See defaults() for the exact structure and default values.

Super class

taRantula::params_manager -> cfg_scraper

Methods

Inherited methods


Method new()

Initialize a new cfg_scraper configuration object.

Configuration is resolved in the following order:

  1. Built-in defaults defined in defaults()

  2. Optional YAML configuration file (config_file)

  3. Programmatic overrides passed via ...

In addition, the Selenium configuration is post-processed so that the selenium$ecaps$args vector contains a --user-agent= entry matching the configured selenium$user_agent.

Usage

cfg_scraper$new(config_file = NULL, base_dir = getwd(), ...)

Arguments

config_file

Optional path to a YAML configuration file.

base_dir

Character string specifying the base directory where project-related data will be stored. Defaults to getwd().

...

Named arguments that override specific configuration settings. These values take precedence over defaults and YAML file entries. Commonly used overrides include:

  • project (character): Project name used for file and directory structures; default "my-project".

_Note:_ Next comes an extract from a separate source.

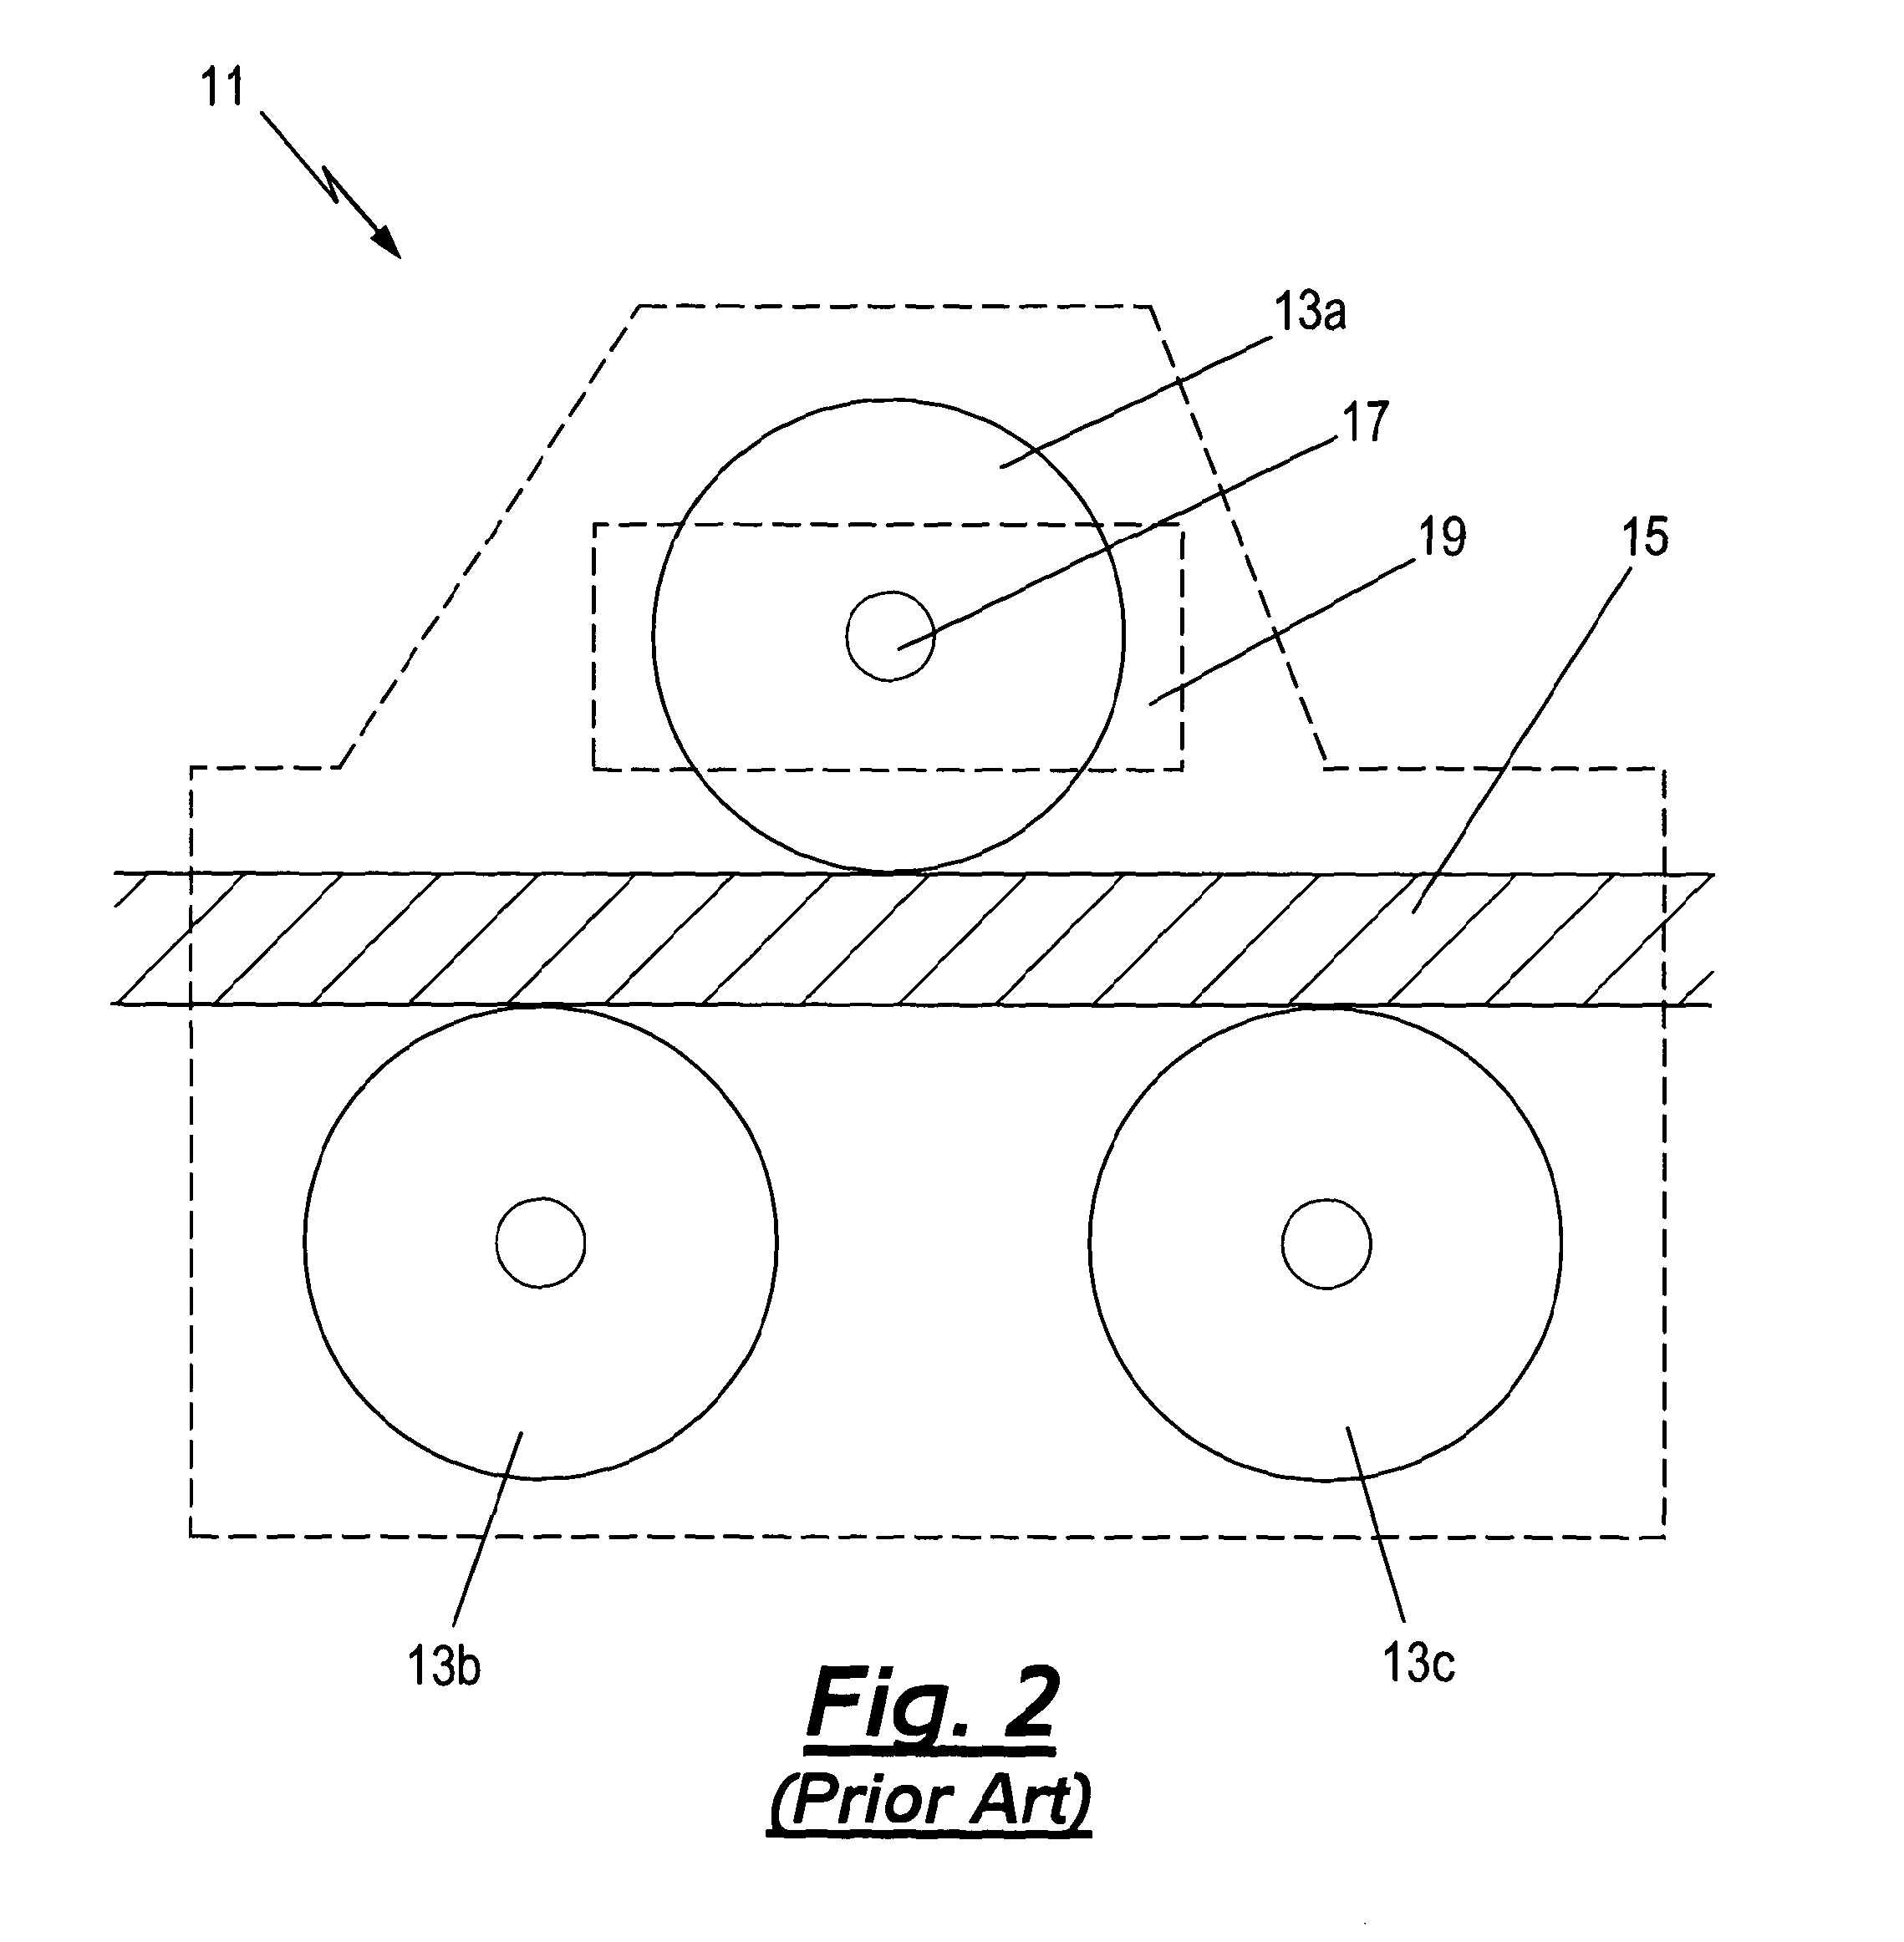 Method of determining the tension in a mooring line

  • urls (character vector): URLs to be scraped; default character(0).

  • robots (list): Settings related to robots.txt handling:

    • check (logical): Respect robots.txt? Default TRUE.

    • snapshot_every (integer): Snapshot interval for robots checks; default 10.

    • workers (integer): Number of parallel workers for robots checks; default 1.

    • robots_user_agent (character): User agent string for robots queries; default .default_useragent().

  • httr (list): Configuration for httr::GET()-based requests:

  • selenium (list): Selenium-related configuration:

    • use_selenium (logical): Use Selenium? Default TRUE.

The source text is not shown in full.